Oltre a fattori chimico/fisici e meccanici, anche tensioni di origine emotiva possono


ripercuotersi significativamente a livello fasciale, esse sono invariabilmente
accompagnate da modificazioni ormonali e risposte muscolo-tensive. La gioia viene
accompagnata spesso da fenomeni vasodilatativi e da un rilassamento generalizzato,
mentre la rabbia/difesa si manifesta con un aumento delle catecolamine circolanti, i
neuro-ormoni dello stress, e con una risposta muscolo-tensiva generalizzata, con
prevalenza dei distretti interessati dal meccanismo di difesa.

Forti emozioni, soprattutto se il corpo non riesce a trovare un modo naturale per
“scaricarle”, o situazioni prolungate di stress emotivo, possono lasciare “cicatrici” a
livello fasciale.

BTL

Tensioni legamentose attivano specifici compartimenti muscolari, in accordo con la


teoria della fascia come anticipatrice del movimento, l'equilibrio legamentoso e
capsulare non solo ha un suo ruolo nella stabilità meccanica, ma anche come fonte di
propriocezione. Lo strain articolare, pertanto, è destinato a permanere, mantenuto da
uno squilibrio delle tensioni legamentose circostanti, che determinano una barriera
motoria in un senso ed eccesso di mobilità nell’altro.

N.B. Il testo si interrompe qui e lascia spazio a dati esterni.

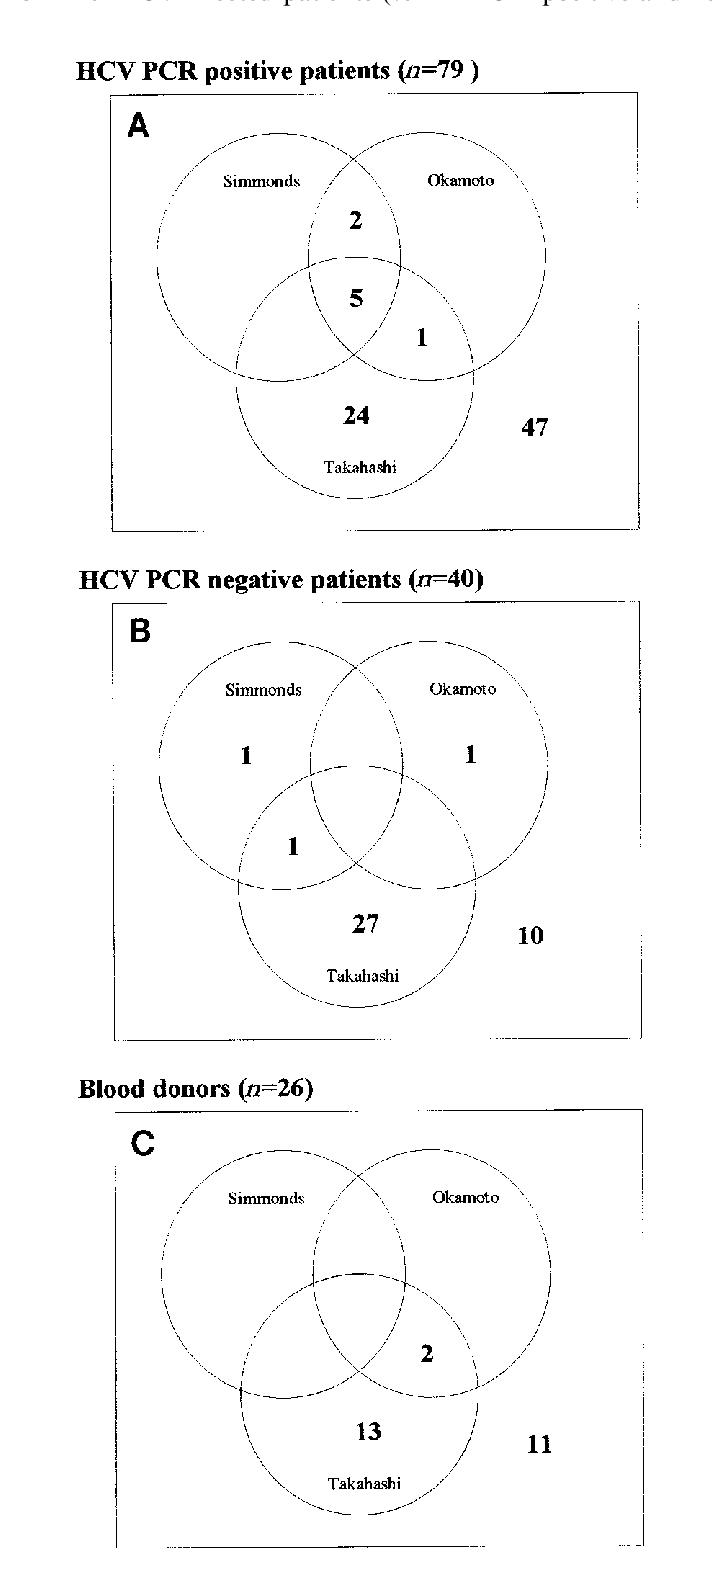 Bacteria And Virus Venn Diagram Venn Diagram Illustrates Overlap In Tt Virus Positivity With

H. Magoun a proposito della BTL parlava di “…una sensazione di contrasto tra


libertà e restrizione di movimento. L’abilità consiste nel mantenere i tessuti nel punto
in cui tale contrasto avviene…” (1976).

La tecnica di bilanciamento legamentoso è infatti un vero e proprio approccio


manuale di tipo funzionale con target specifico legamentoso, ma con effetti ben più
ridondanti. Esso prevede la conduzione dell’articolazione disfunzionale in direzione
della disfunzione (ossia nella stessa direzione della forza traumatica), quanto
necessario per ripristinare la tensione dei legamenti “accorciati”.

È in questa fase che si individua e mantiene un balance point, ossia un punto di


equilibrio tensionale (individuabile sempre nell’arco del vettore disfunzionale). A
questo balance point seguirà uno still point, ossia una fase di silenzio neurocettivo, a
cui finalmente farà seguito il rilascio tessutale avvertito come un aumento della
temperatura locale (con il cosìddetto “therapeutic pulse”), ed un ripristino
dell’equilibrio della mobilità articolare.

Le tecniche di bilanciamento delle membrane e quindi dei fluidi hanno un effetto sul
sistema nervoso autonomo, questo è stato studiato tramite indicatori come pulsazione
cardiaca e arteriosa, frequenza respiratoria e pressione arteriosa. R. Schneider
2006

Conclusioni

Il riequilibrio del sistema fasciale a nostro avviso passa attraverso una possibilità di
differenziazione delle tecniche che dipende dalla qualità del tessuto principalmente
ma che non dimentica altri fattori.

Da una tecnica di tipo diretto, ad una indiretta fino ad una funzionale che ricerca il
punto neutro della mobilità tessutale.

Equilibrio dei diaframmi, perchè ogni diaframma lavora in consonanza con gli altri.

tutto questo per avere un armonizzazione della funzione tessutale che corrisponderà
ad una più generale armonizzazione del SNV. tutto ciò può rimettere in fase e in
armonia i concetti di postura esterna e postura interna.